» **EXERCISE DESCRIPTION**:
Write out, without any change, the lines in the material below that run from the line with "Your personal challenge" through the line with "W45107S / 7", both included.

» **INFORMATION PROVIDED**:
────────────────────

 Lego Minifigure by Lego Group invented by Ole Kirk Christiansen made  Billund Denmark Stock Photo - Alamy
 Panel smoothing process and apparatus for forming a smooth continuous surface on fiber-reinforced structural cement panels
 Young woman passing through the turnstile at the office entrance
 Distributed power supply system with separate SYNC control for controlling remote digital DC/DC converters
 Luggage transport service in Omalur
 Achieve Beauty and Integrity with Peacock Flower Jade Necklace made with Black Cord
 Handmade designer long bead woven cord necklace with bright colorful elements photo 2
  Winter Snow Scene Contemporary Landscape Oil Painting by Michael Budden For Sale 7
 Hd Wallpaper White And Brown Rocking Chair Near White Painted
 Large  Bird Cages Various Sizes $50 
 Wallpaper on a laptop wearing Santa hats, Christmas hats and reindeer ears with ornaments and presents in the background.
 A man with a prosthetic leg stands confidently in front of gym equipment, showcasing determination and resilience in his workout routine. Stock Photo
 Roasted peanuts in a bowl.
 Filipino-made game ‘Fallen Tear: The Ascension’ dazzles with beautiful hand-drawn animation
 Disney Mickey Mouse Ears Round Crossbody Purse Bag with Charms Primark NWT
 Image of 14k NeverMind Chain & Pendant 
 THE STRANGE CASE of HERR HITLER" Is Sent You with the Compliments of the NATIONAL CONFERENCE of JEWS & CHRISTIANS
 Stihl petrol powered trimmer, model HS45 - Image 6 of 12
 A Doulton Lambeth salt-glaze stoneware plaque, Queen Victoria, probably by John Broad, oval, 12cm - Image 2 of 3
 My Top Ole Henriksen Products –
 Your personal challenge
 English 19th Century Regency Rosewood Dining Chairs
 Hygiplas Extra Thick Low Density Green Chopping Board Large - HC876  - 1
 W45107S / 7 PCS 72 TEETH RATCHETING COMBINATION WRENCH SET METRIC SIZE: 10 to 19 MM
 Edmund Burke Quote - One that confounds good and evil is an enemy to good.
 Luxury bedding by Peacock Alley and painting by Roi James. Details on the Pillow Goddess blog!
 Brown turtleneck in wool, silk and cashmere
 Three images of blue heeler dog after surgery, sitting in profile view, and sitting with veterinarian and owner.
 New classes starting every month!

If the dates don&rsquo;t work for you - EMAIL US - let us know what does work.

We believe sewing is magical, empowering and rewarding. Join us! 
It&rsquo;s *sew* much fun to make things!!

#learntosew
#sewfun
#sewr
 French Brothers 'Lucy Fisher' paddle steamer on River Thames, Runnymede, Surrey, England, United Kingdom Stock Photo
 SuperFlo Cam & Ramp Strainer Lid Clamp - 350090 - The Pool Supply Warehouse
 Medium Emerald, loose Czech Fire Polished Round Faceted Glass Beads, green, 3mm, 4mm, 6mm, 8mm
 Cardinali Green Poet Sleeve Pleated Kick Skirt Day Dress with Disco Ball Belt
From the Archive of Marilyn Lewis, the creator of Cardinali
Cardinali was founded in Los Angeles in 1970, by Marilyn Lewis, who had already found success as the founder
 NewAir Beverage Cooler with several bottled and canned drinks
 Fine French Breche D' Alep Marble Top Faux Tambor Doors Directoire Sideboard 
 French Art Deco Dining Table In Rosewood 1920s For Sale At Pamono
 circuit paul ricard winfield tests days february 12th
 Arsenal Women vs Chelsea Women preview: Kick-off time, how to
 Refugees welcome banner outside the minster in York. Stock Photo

────────────────────

» **RESPONSE AREA**:
 Your personal challenge
 English 19th Century Regency Rosewood Dining Chairs
 Hygiplas Extra Thick Low Density Green Chopping Board Large - HC876  - 1
 W45107S / 7 PCS 72 TEETH RATCHETING COMBINATION WRENCH SET METRIC SIZE: 10 to 19 MM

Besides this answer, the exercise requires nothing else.